I also want the biggest bang for my buck. And lower the price of this so far but i stil want quality shit but the best for how much money i am dishing out.

(I dont really know what would be the best combo with this for the best bass (I love bass to death) I like my bass to shake stuff (Not literally, but vibrate) and make me vibrate, it gives a better experience. I like to listen to it loud. I want my bass to hit hard and i also want my highs to shine when theyre supposed to tho too. Please give me suggestions for other speakers to add)

I dont care of the ammount of channels but i mainly just want 2.1 or 3.1. and I heard that its better to have a watt rate that is higher than my speakers so that it isnt straining the amp to produce my sound. 

I want the functionality of an EQ and stuff but i cant find a receiver that provides this much power per channel.

So i basically need someone to explain as much as they want/can so that i can understand and give me my best options for this situation. should i go with amps or a receiver and if so how do i hook them up and how does it work (ive only ever had preconfigured systems or have other people do it for me before, but i want to upgrade now) 

I want to be able to power these speakers fully and also have a way to tell when they are fully loaded (like have a wattage metre or something that can tell me how many watts is going to each speaker so i know if im straining them atall.) 

Thanks in advance for any advice. You can add me on skype: jusmcl 
and also email me at: jtmclean at yahoo dot ca


----------



## sneekypeet (Apr 9, 2013)

you should break up that email address to avoid spammers. (something like jtmclean at yahoo dot ca will help)


----------



## cadaveca (Apr 9, 2013)

jusmcl said:


> should i go with amps or a receiver and if so how do i hook them up and how does it work



Both.


To gewt high-power systems, you need a receiver to receive all the various audio. You need to get one with "Line Level Outputs".

You then plug amps into the line level outputs, and they produce that high power. Typically, you get one mono amp per channel, or you get stereo amps per stereo pair of speakers, and a mono for the center. Subs run off of line-level most often anyway already. 

AS to what amps you need or want or whatever...that's not something I'll go into, as there are far too many options, with very varied price ranges. Got $5k? no problem. $500K? Yep, set-ups for that too.


----------



## 1freedude (Apr 9, 2013)

I think Cerwin Vegas would suit you nicely.  All you have to do is turn them up til either your ears bleed, or they sound bad, then just turn em down a notch.  Find a used set that need new foam and save a ton of money.  I revived a set from 1985 for a grand total price of 65 bucks.

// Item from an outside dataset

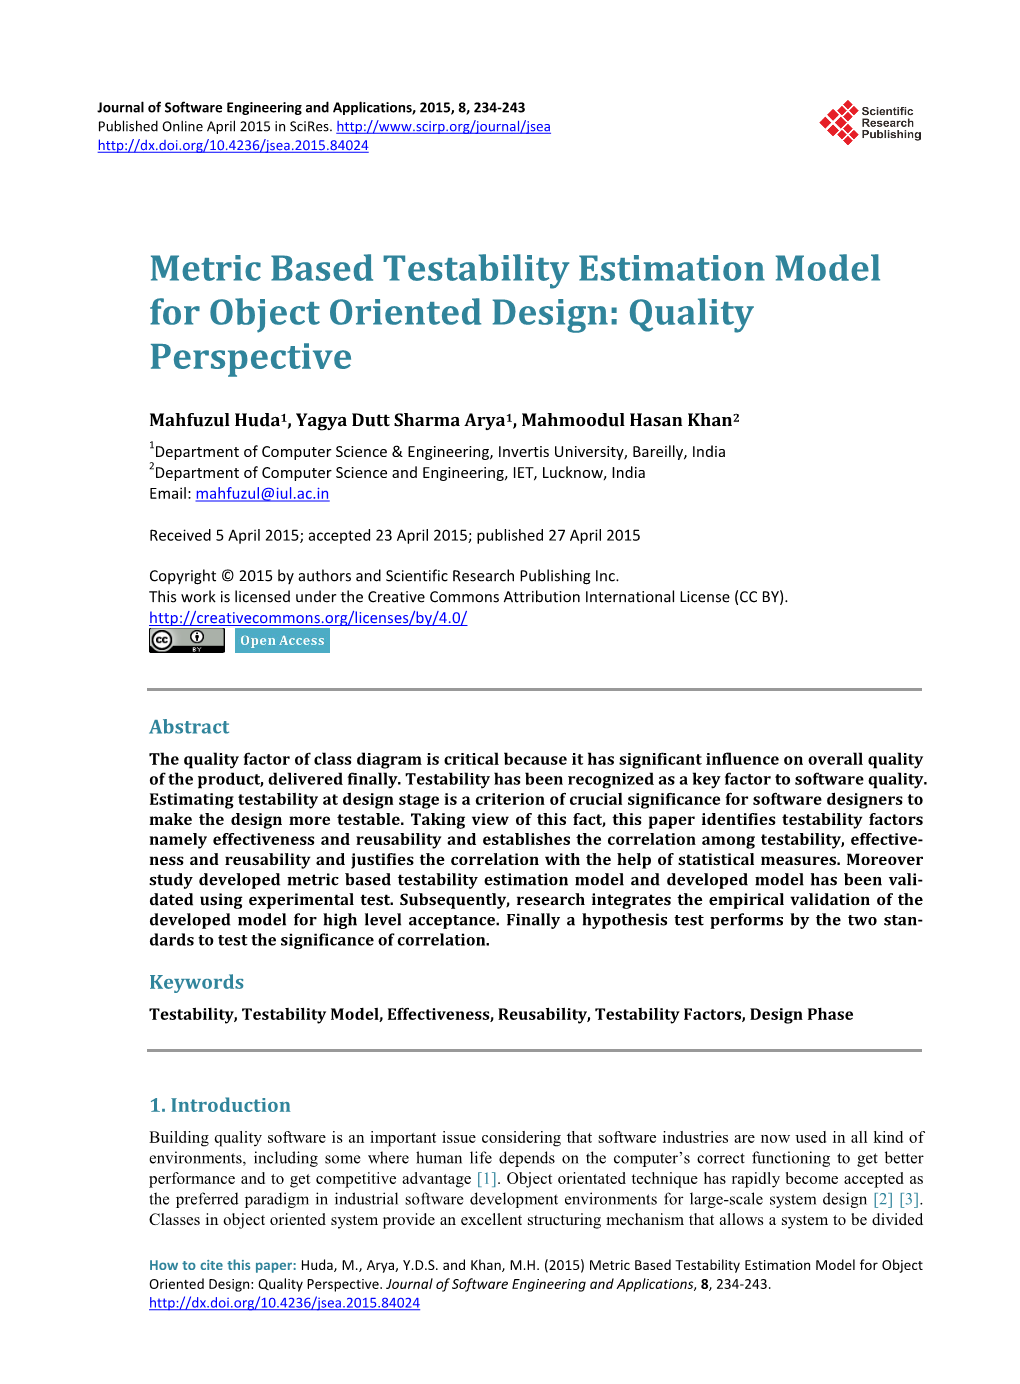 Metric Based Testability Estimation Model for Object Oriented Design: Quality Perspective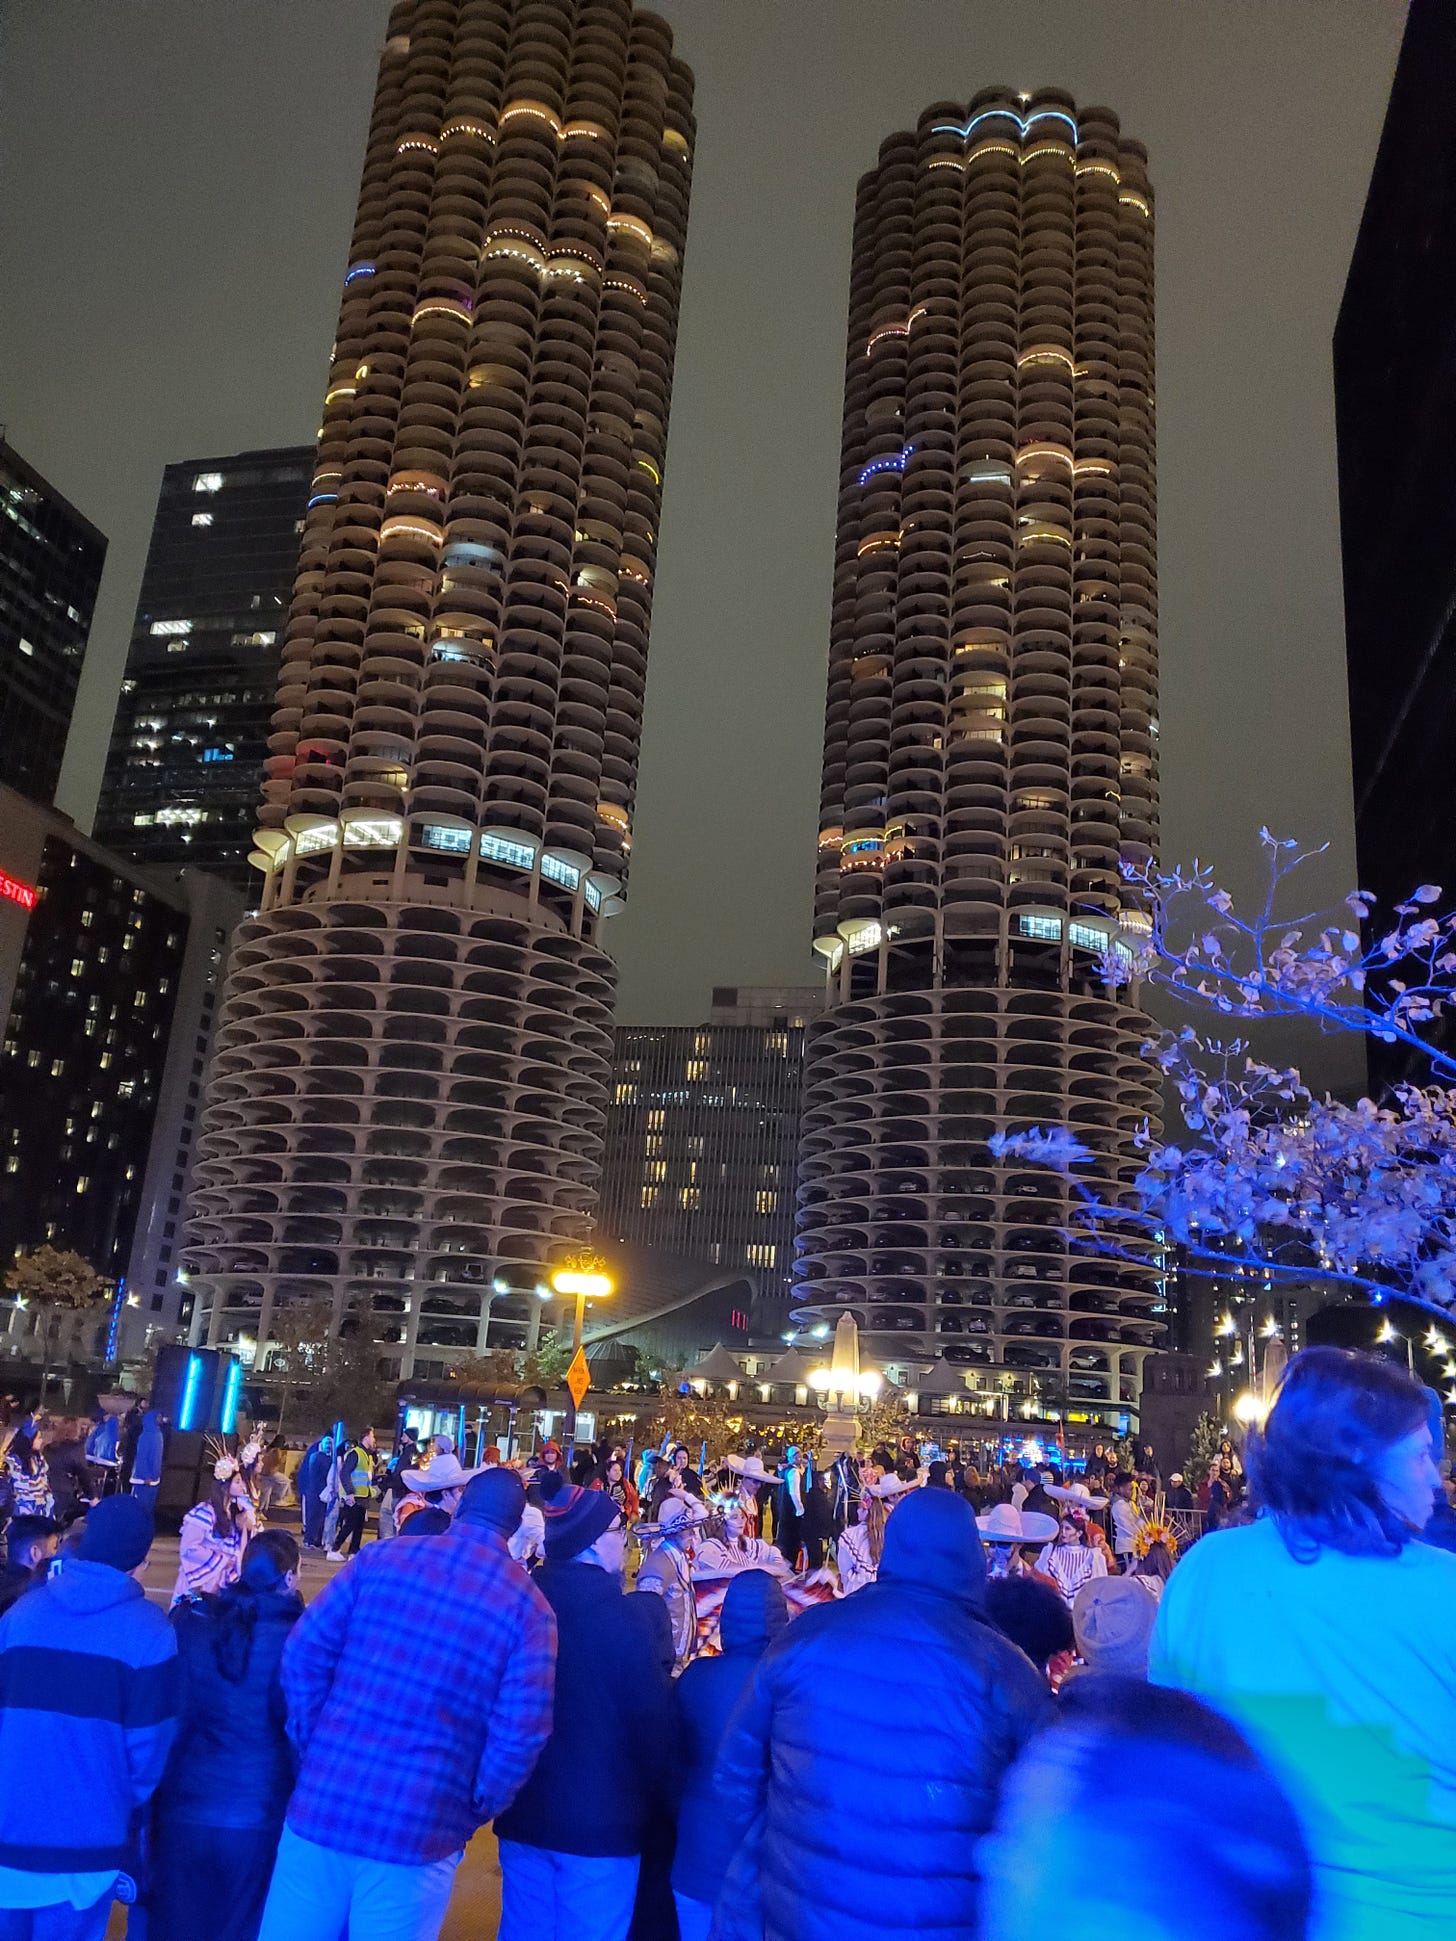 Chicago's marina towers at night with a parade of costumed people heading to the right

A 1977 Harmon/Kardon drives them silly!


----------



## jusmcl (Apr 9, 2013)

cadaveca said:


> Both.
> 
> 
> To gewt high-power systems, you need a receiver to receive all the various audio. You need to get one with "Line Level Outputs".
> ...




Is there one that you would reccomend?


----------



## jusmcl (Apr 9, 2013)

cadaveca said:


> Both.
> 
> 
> To gewt high-power systems, you need a receiver to receive all the various audio. You need to get one with "Line Level Outputs".
> ...




Also is a channel just like per speaker??? or can you say have 1 channel but have 5 speakers all playing the same channel?


----------



## cadaveca (Apr 9, 2013)

jusmcl said:


> Is there one that you would reccomend?



Honestly, from my perspective, that depends on many factors. Different receivers have different features, different video hardware, different conenctivity, etc... what might be good for me, might not be good for you.



jusmcl said:


> Also is a channel just like per speaker??? or can you say have 1 channel but have 5 speakers all playing the same channel?



By channel, I mean left/right/center/rear left/rear right/surround left/ surround right. Typically, one speaker per channel is used, but some people prefer two or more speakers per channel. To me, what matters is matching speakers and power to the room volume(size). You don't take a home theatre setup to put a live show on in an arena...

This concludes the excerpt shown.